Мой путешественник, измученный недолгой дорогой, рассказал, что, когда его вместе с двумя другими заключенными, пожилым и очень юным, вызвали в комендатуру лагеря и прочли им краткое предписание об их освобождении, он услышал глухой стук: оба его спутника разом, как по команде, упали в обморок. Пришлось волоком тащить их на свободу. Младший шел до самого вокзала по пятам моего мужа и всю дорогу бормотал: «Да это неправда, не верьте. Они только говорят, будто нас освободили, но это неправда, не верьте им. Нарочно подстроили. Как только дойдем до вокзала, они опять нас схватят!..»
Тишина, царящая в саду, напоминает, даже зимой, о том летнем утре 1940 года, которое словно благословляло аллеи густолиственных вязов, цветущие розовые кусты, лужайки, отливавшие синевой после полива, квадрат строений Пале-Рояля, так быстро растерявший своих спокойных обитателей, опустевший из-за жары, а главное — из-за приближения того, что отнюдь не было летним зноем... В утренней тени какой-то человек чистил клетки своих птиц, менял воду, насыпал зерна, просовывал между прутьев свежие листики салата и ломтики фруктов. В погожий день у человека бывает в иные минуты так хорошо на душе, что он прерывает свою работу или игру и безмолвно славит все молчащее или поющее вокруг него, безотчетно становясь чище сердцем от соприкосновения с тем, что дарят ему небо, земля, город, — если только он не предупрежден заранее о грозящей беде и не оплакивает былые радости. Быть может, так было и с человеком, возившимся с клетками, — он то наслаждался безлюдьем и покоем, царившими в саду, то застывал неподвижно с пучком дикого проса в руках.

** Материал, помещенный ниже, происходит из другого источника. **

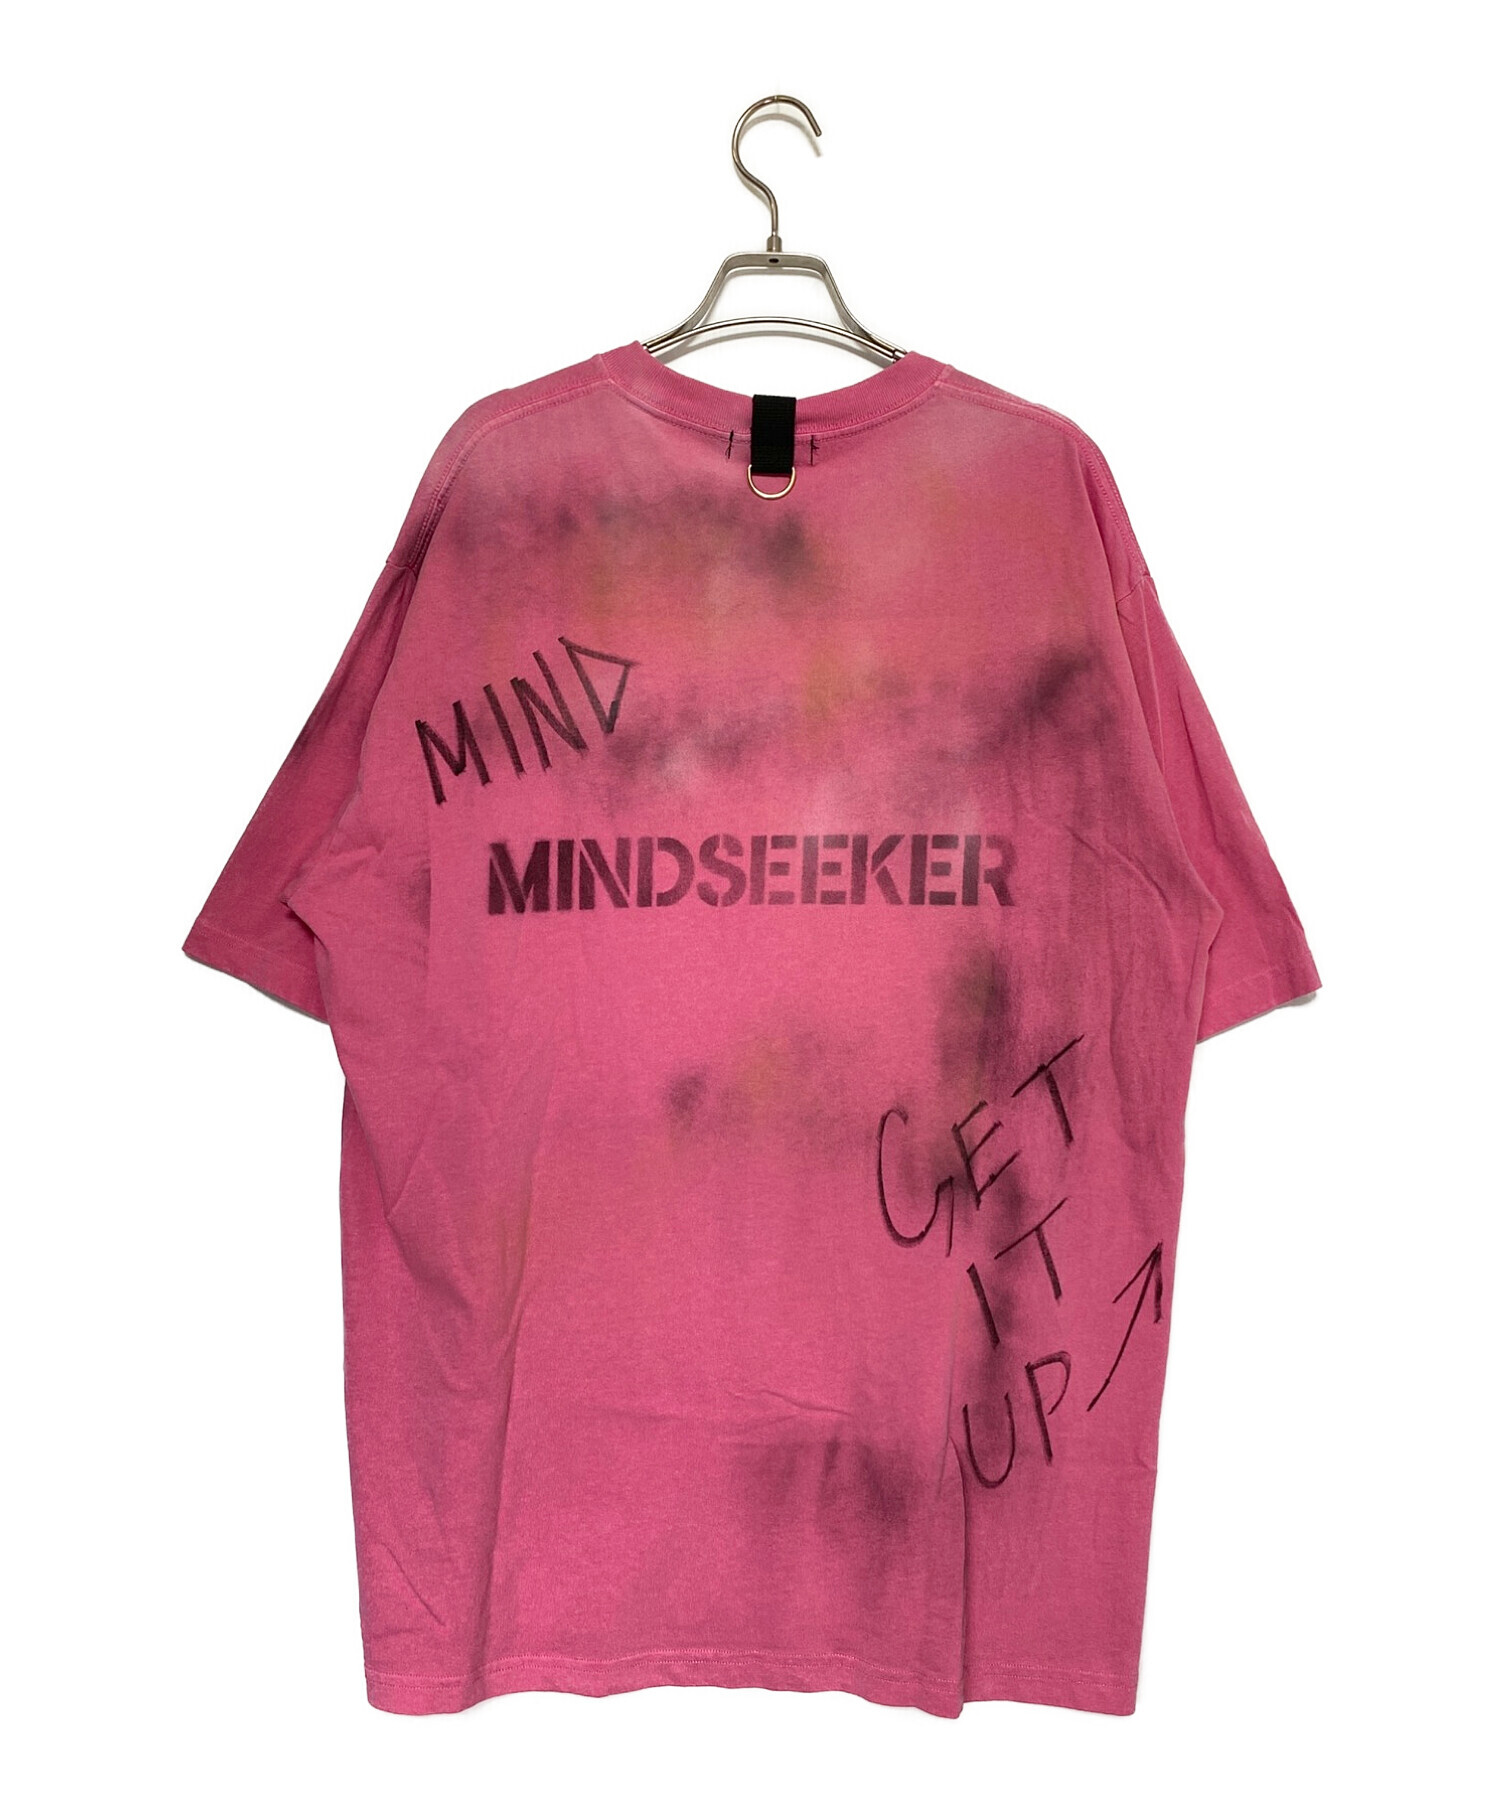 MINDSEEKER (マインドシーカー) HAND GRAFFITI STENCIL TEE ピンク サイズ:XXL

И вот тогда в сад вошел какой-то человек в штатском. Казалось, он был удивлен, что видит здесь только болтливых воробьев и любовно воркующих томных голубей, ничью собаку, которую звали да и теперь еще зовут Кики, и человека с птичьими клетками. Пришелец обратился к нему с чисто театральной непринужденностью и учтивостью:
— Я вижу, вы заняты весьма приятным делом, мсье.
— Очень для этого подходящее время, мсье, — ответил человек с клетками. — Сторожей сейчас в саду нет, они завтракают. Если б эти церберы увидели, что я чищу клетки не под аркадами, уж они бы мне задали! Но в такой час все тихо, все спокойно.

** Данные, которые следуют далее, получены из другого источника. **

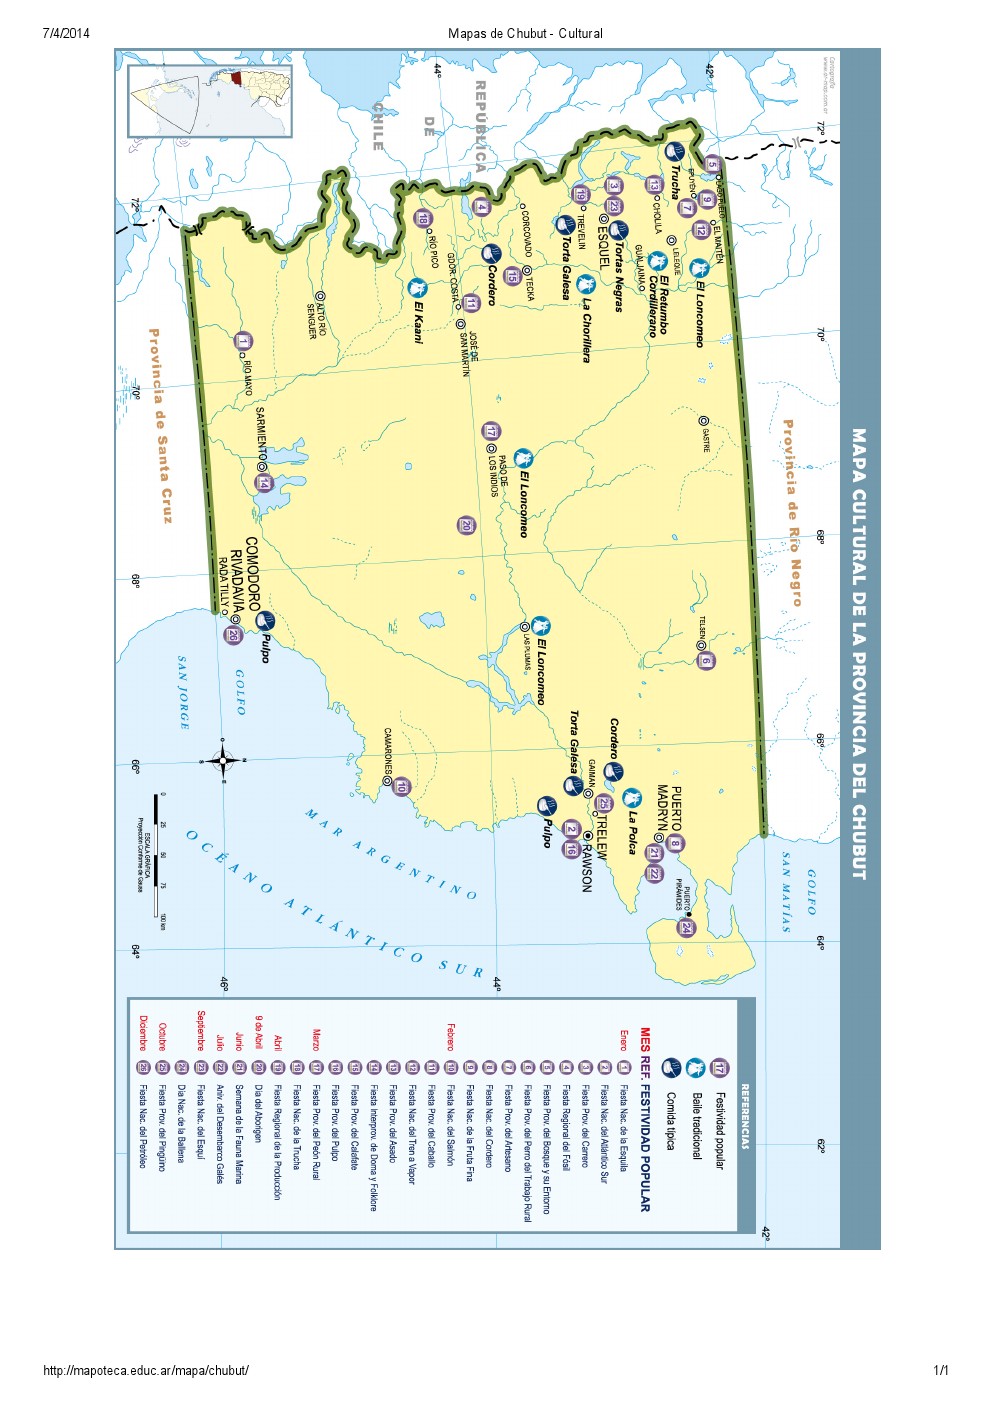 Mapa cultural del Chubut. Mapoteca de Educ.ar

Последняя фраза, по-видимому, привела в волнение общительного человека в штатском.
— Все тихо, все спокойно?.. — повторил он. — Разве вы не знаете, что немецкие армии вступили в Париж?
Человек с клетками лишь мельком взглянул на него через плечо.
— Знаю лишь то, что вы мне сказали об этом, мсье, но я ведь не обязан этому верить. Подожду, пока они придут сюда и сами сообщат о своем прибытии.
— Мсье, я пришел сюда с площади Опера, где в этот самый час стоят немецкие войска...
— Может, так оно и есть, как вы говорите, мсье, но позволю себе заметить, что я ни о чем вас не спрашивал.
Человек в штатском попятился и попытался сострить:
— Вы, вероятно, полагаете, мсье, что это событие лишено интереса?
— Мсье, и сегодня и во все прочие дни для меня очень важно содержать в порядке своих чижей. Сами подумайте, мсье, чижи-то у меня не простые, а саксонские. Саксонские!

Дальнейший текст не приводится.